Chromecast with Google TVのSteam Linkがフリーズ(クラッシュ)するときの対処法
Chromecast with Google TV(以下、Chromecast)でインストールして使用できる「Steam Link」アプリで、ストリーミングを開始すると画面が暗転・フリーズしたり、一切の操作を受け付けなくなってしまう問題に遭遇したので、解決策を載せておきます。
問題が発生した環境
ホスト
Windows 11 Pro 25H2
AMD Ryzen 5 5600
NVIDIA GeForce GTX 1060 6GB (ドライバ: 581.80)
クライアント
Chromecast with Google TV (HD) GA03131-JP
Android 14
原因
ネット上で検索したところ、どうやらChromecastのSteam Linkではホスト側のハードウェアエンコード(CPUの代わりにGPUで映像の処理を行う機能)がオンになっているとこの問題が発生してしまうようです。NVIDIA製GPUで利用できるNVENCとChromecastとの相性の問題かと思いましたが、AMD製GPUで利用できるVCEでも全く同じ問題が発生したのでそういうわけではなさそうです。(Intel CPUの内蔵GPUやIntel Arcで利用できるQSVは未検証)
長期的に修正されていない問題のようなので、今後修正される可能性は低いと思われます。
設定方法
Chromecastアプリ側のストリーミング設定では「ハードウェアデコード」(受信側の処理)の設定は変更できますが、今回は「ホスト側のハードウェアエンコード」(送信側の処理)をオフにしなければならないので、ホスト側のPCで設定を変更します。

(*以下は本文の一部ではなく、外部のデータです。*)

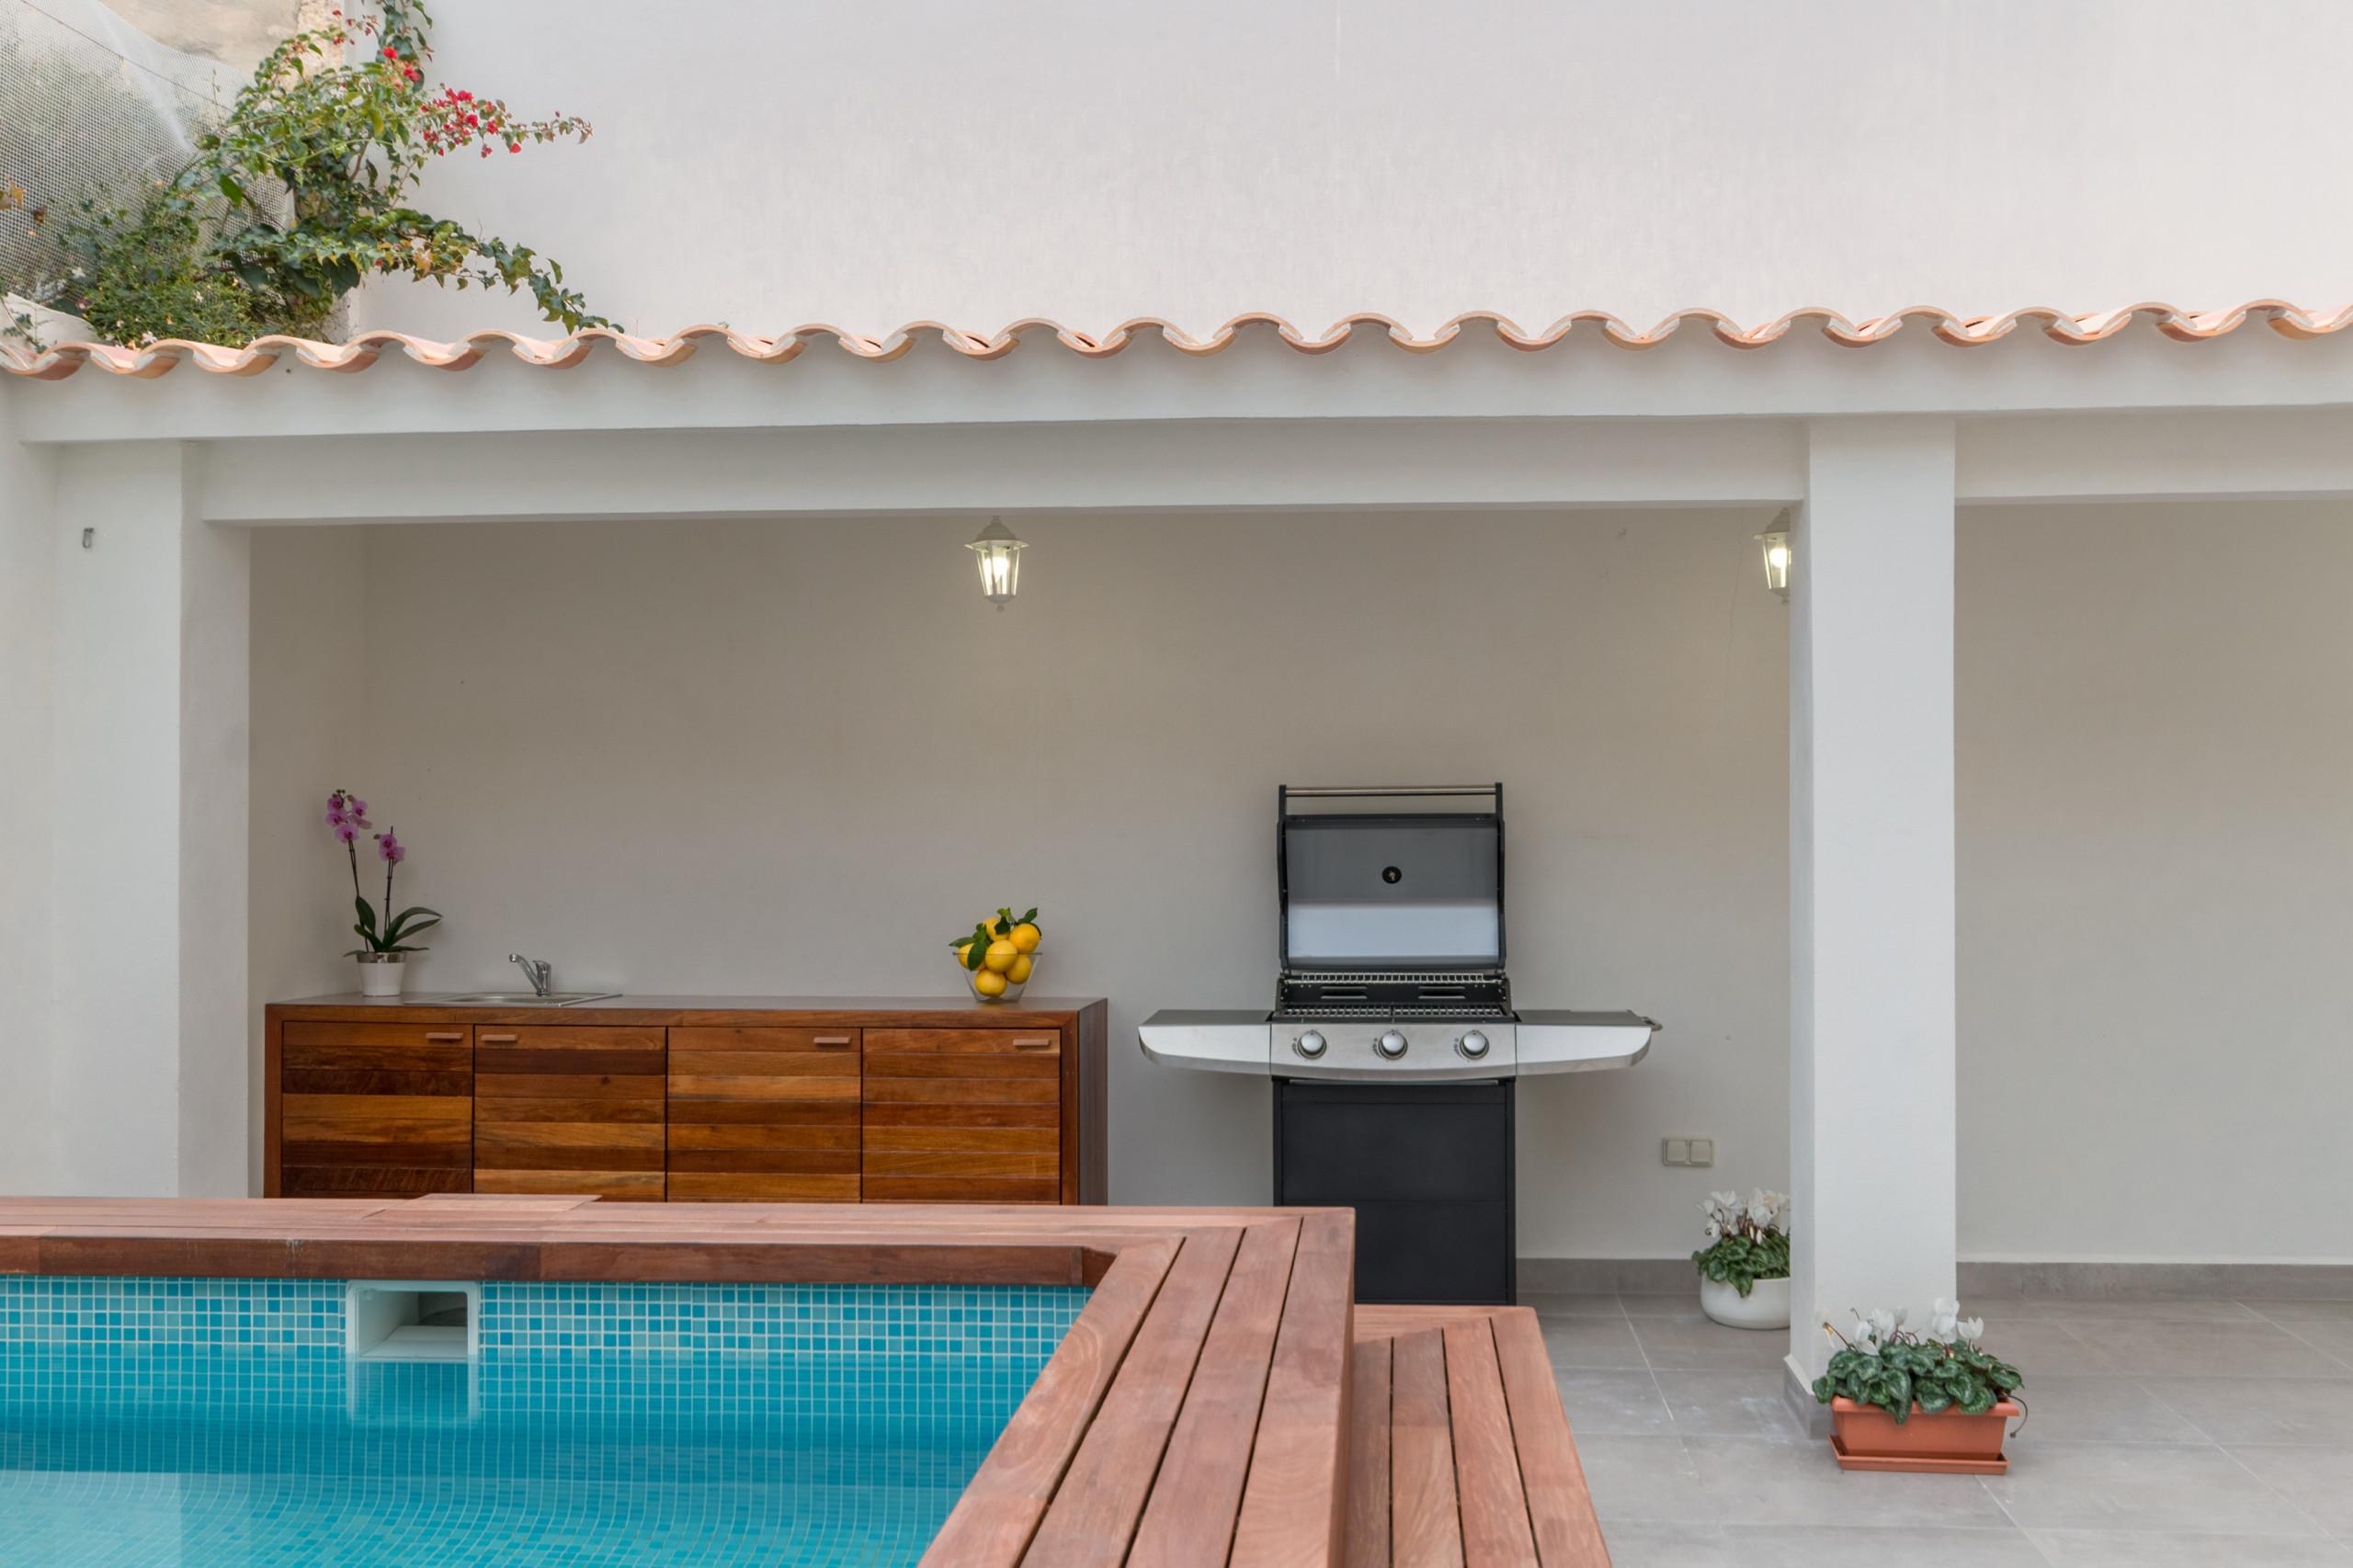 in Palma de Mallorca - Miquel Santandreu 40, TownHouse 5StarsHome Mallorc

(Big Pictureモードになっている場合)Big Pictureモードを終了する
Steamを開き、左上の「Steam」から「設定」を開く
「Remote Play」タブをクリックし、「ホストの詳細設定を有効化」をオンにする
「ハードウェアエンコードを有効にする」をオフにする
「ソフトウェアエンコードスレッドの数」を「自動」にする
まだ重い場合
この問題を解決してもまだフリーズや大きなラグが発生する場合、以下のことを試してみてください。
(Chromecast側)5GHz帯のWi-Fiに接続する ※超重要
(Chromecast側)本体を再起動する
(ホスト側)有線LAN接続にする ※重要
(ホスト側)ゲーム内のグラフィック設定を落とす
(ホスト側)先述の手順3で「ネットワークトラフィックの優先順位付け」をオンにする
(ホスト側)先述の手順3で「ソフトウェアエンコードスレッドの数」を手動で調整する
(ホスト側)PCのスペック(CPU・GPU・メモリ)を見直す
まとめ
ホスト側の「ハードウェアエンコード」を無効にすることで解決
無効にしてもまだ重い場合は他の設定や環境を見直す
今回はこれらの変更を行うことで解決しましたが、解決しない場合もあるかと思われます。予めご了承ください。